Não tire um print da tela e deixe na galeria do celular. Se o celular for roubado, o ladrão tem o aparelho e os códigos para resetar sua segurança.

Eu escrevi esses códigos à mão em uma caderneta que guardo em casa e também salvei em um arquivo PDF criptografado no meu Google Drive. Esses códigos são o seu "quebra-gelo" caso você perca o celular e não consiga recuperar o backup do autenticador.

Passo 6: Desativando o SMS (O ato de coragem)

Agora que o app autenticador está funcionando, você precisa voltar à tela de segurança do banco e desativar o recebimento de SMS. Se você deixar os dois ativos, o banco ainda pode oferecer o SMS como opção em um login suspeito, e o atacante pode usar essa brecha.

Procure a opção "Gerenciar formas de recebimento" e desmarque o SMS. O banco pode pedir uma confirmação final via app ou token físico para garantir que não é um invasor tentando bloquear seu acesso. Mantenha o Token Físico ativo se o banco permitir ter múltiplos métodos; ele serve como o último recurso se tudo mais falhar.

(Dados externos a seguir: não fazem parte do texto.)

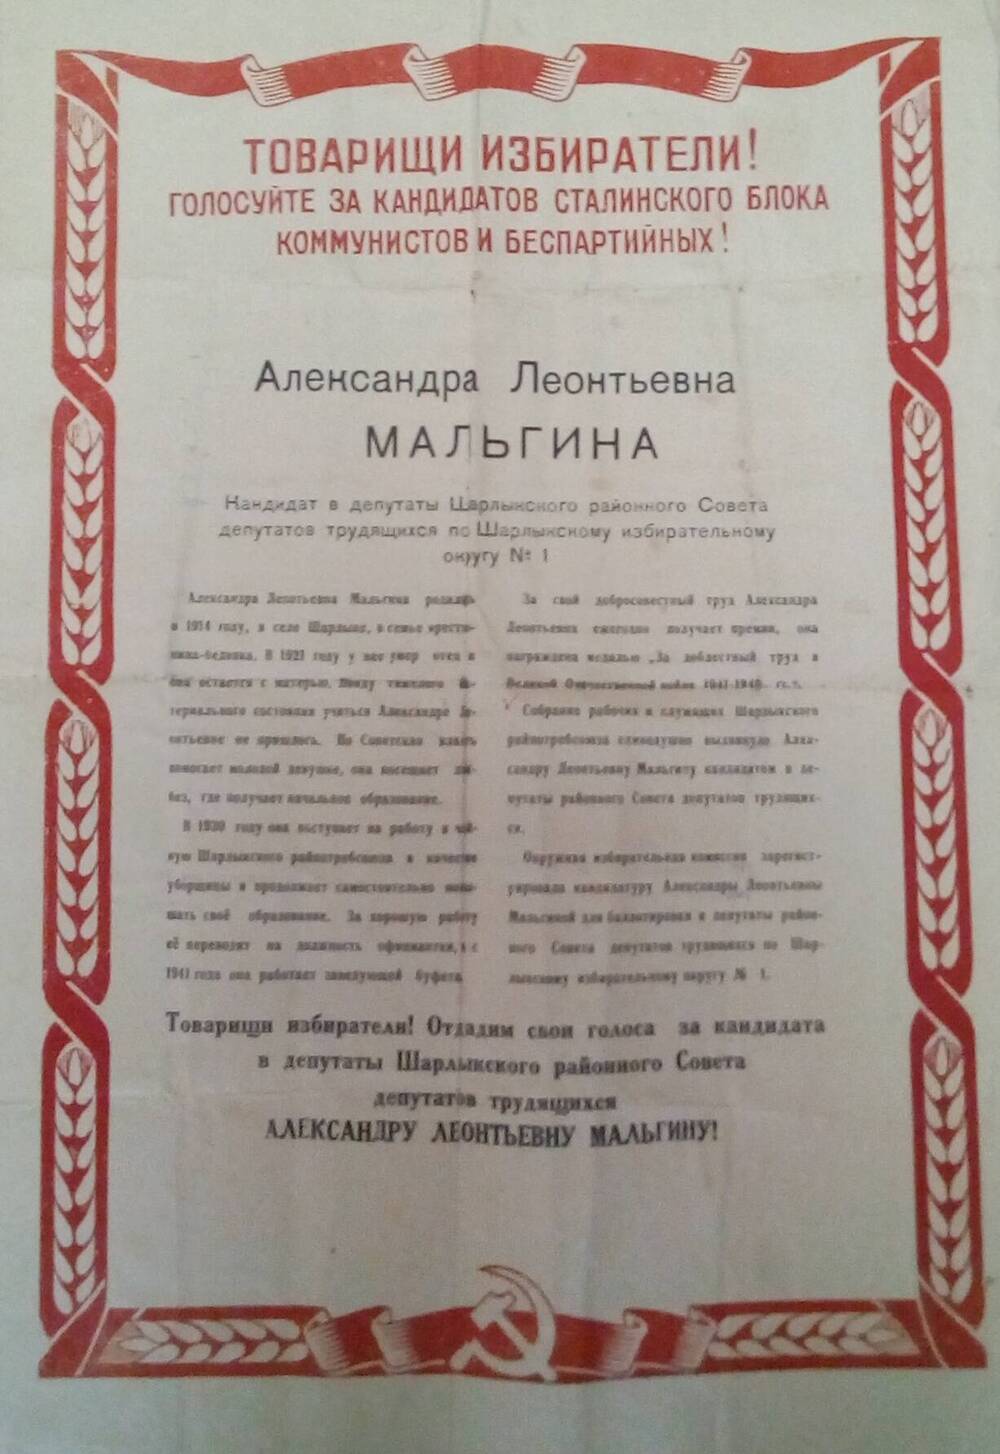 Избирательная листовка Мальгиной Александры Леонтьевны.

Lidando com problemas comuns

Durante meus testes, o Banco do Brasil apresentou um obstáculo: ele exigia que eu desconectasse o SMS antes de gerar o QR Code do app, o que me deixou num limbo de 5 minutos sem 2FA. A solução foi ter o Token do Cartão em mãos para passar pela validação nesse intervalo.

Se você tentar escanear o código e o app der erro "Chave inválida", verifique a data e hora do seu celular. O autenticador usa o relógio interno para gerar os códigos baseados no tempo. Se seu relógio estiver adiantado ou atrasado em mais de alguns minutos, o banco rejeita o token. No Android, ajuste a data/hora automaticamente; no iOS, vá em Ajustes > Geral > Data e Hora.

Outro ponto: bancos como o Inter utilizam um sistema proprietário onde o próprio app do banco gera o token, sem precisar de um app de terceiros. Nesse caso, a recomendação é garantir que o app do Inter esteja protegido por biometria forte e, preferencialmente, bloqueado em um ambiente seguro (como Samsung Secure Folder ou iPhone Focus Mode), para que um criminoso com acesso desbloqueado ao celular não consiga abrir o banco.

A manutenção da segurança

Migrar para o autenticador é apenas o primeiro degrau. A segurança não é um produto, é um processo. Depois de fazer isso nos meus três bancos principais, me senti muito mais tranquilo ao viajar, sabendo que se eu perder sinal ou o chip for clonado, minhas contas permanecem inacessíveis para quem não tiver meu aparelho físico desbloqueado.

No entanto, a autenticação em duas etapas tem um limite: se o seu dispositivo principal for infectado por um malware que captura tela, até o 2FA pode ser comprometido. Manter o sistema operacional atualizado e evitar clicar em links suspeitos continua sendo obrigatório.

Se você ainda usa senha "123456" ou a data do seu aniversário, trocar para o autenticador é como colocar uma porta blindada numa casa de papel. Fortaleça suas credenciais principais antes de confiar exclusivamente nesse segundo passo.

Para quem ainda tem dúvidas sobre a integridade dos seus dados, vale a pena verificar se seu e-mail não vazou no "Leak dos BR", pois e-mail comprometido costuma ser o ponto de partida para o golpe de troca de SIM. O atacante precisa saber seu CPF e endereço para convencer a operadora, e essas informações costumam vir de vazamentos de e-mail.

Blindar suas contas financeiras não é paranoia, é manutenção básica em 2026. Passe uma hora deste fim-de-semana para fazer isso. O custo de não fazer é alto demais.